Meskipun merupakan jalan menuju gunung Hua, namun juga merupakan jalan yang membelok dari gunung Hua. Jalan yang selalu terbuka di kedua arah.
Dia akan melanjutkan jalan ini, dan dia juga akan menelusuri kembali jalan yang dia ambil.
Ini berbeda dari masa lalu. Berbeda dengan dulu.
Melihat ke depan lagi, tidak ada lagi keraguan di mata Cheong Myeong saat mereka melihat prajurit Aliansi Teman Surgawi.

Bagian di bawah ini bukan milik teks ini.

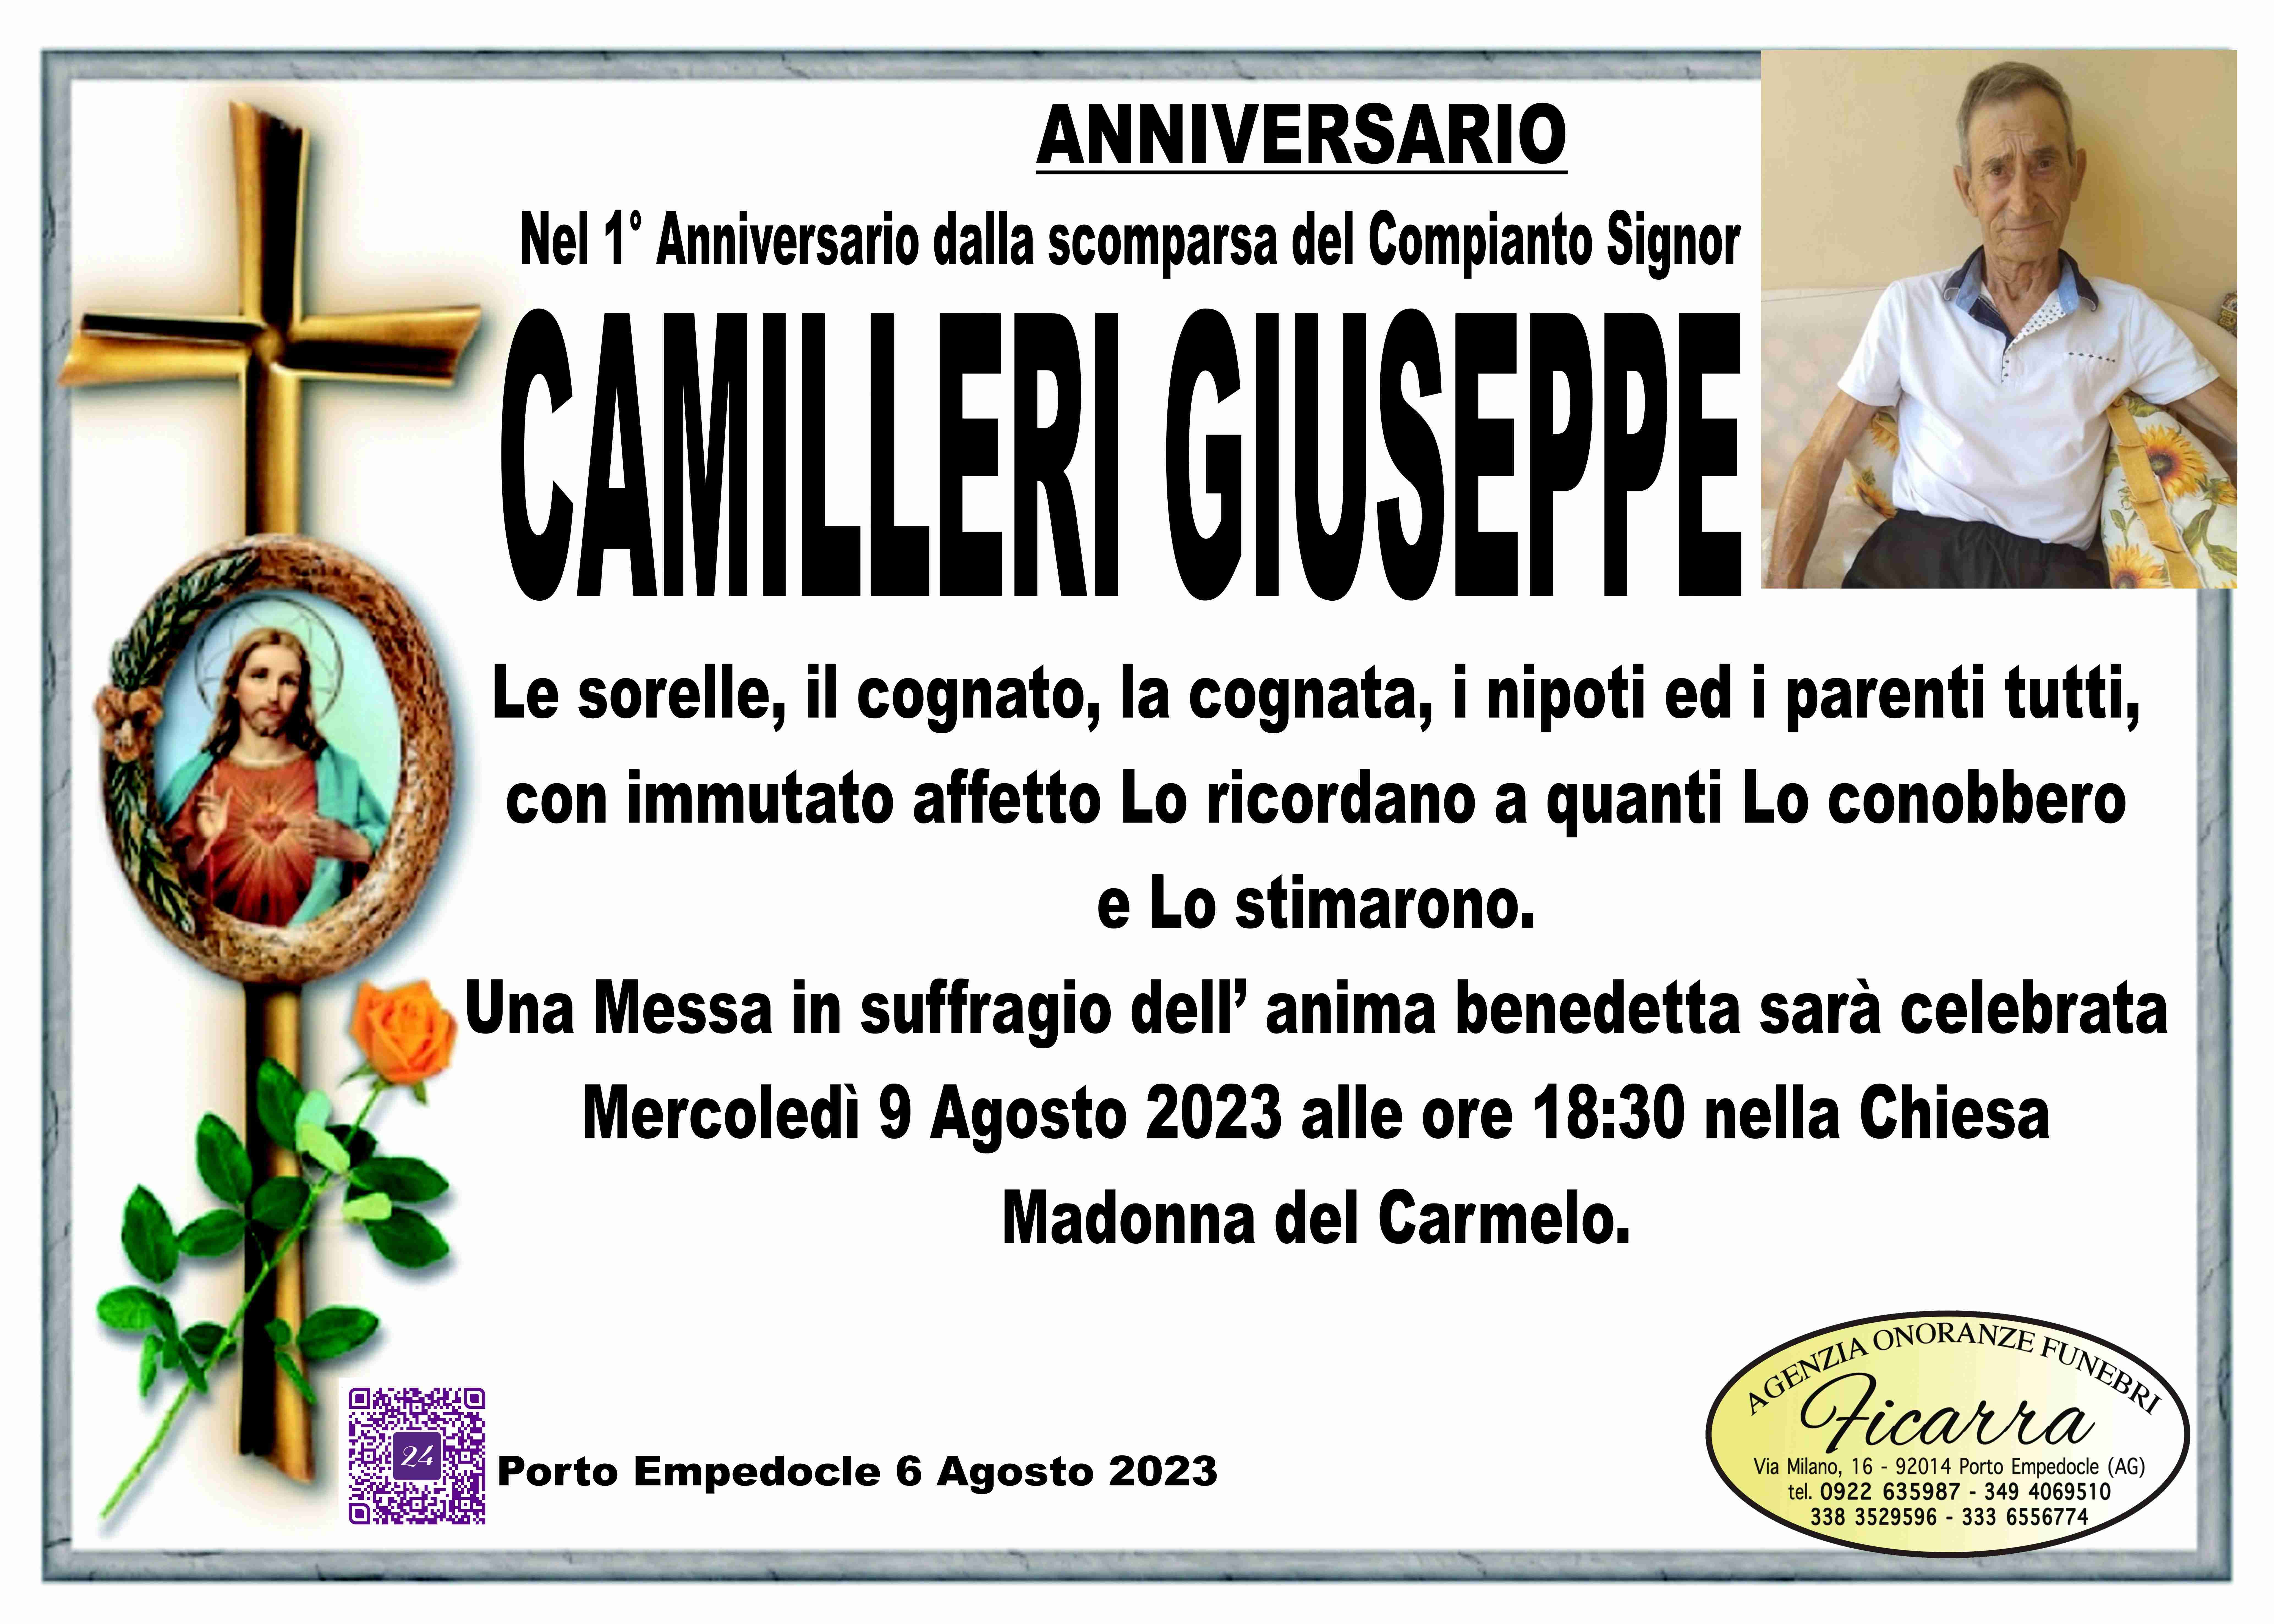 Giuseppe Camilleri

Meski belum cukup, meski masih belum cukup, tidak ada keraguan untuk terus maju. Sekarang ia tahu bahwa momen untuk membahas kesempurnaan tidak akan pernah tiba.
Tap.
Cheong Myeong maju selangkah. Lalu dia memandang semua orang dan membuka mulutnya.
"Saat kita kembali."
"….."
"adalah ketika perang usai."
Ini adalah pernyataan bahwa mereka tidak akan menginjakkan kaki di tanah ini lagi kecuali mereka melihat perang berakhir.
Wajah semua orang dipenuhi tekad saat mereka memahami maksudnya.
"Berangkat!"
"Ya!"
Tanpa ragu lagi, para prajurit Aliansi Teman Surgawi, yang mengeluarkan teriakan keras namun jelas, bergerak maju.
Tidak ada yang istimewa untuk memberi atau menerima perintah.
Hanya ada satu tujuan: Wudang.
Ini adalah tempat dimana peperangan yang akan menentukan masa depan dunia akan berlangsung.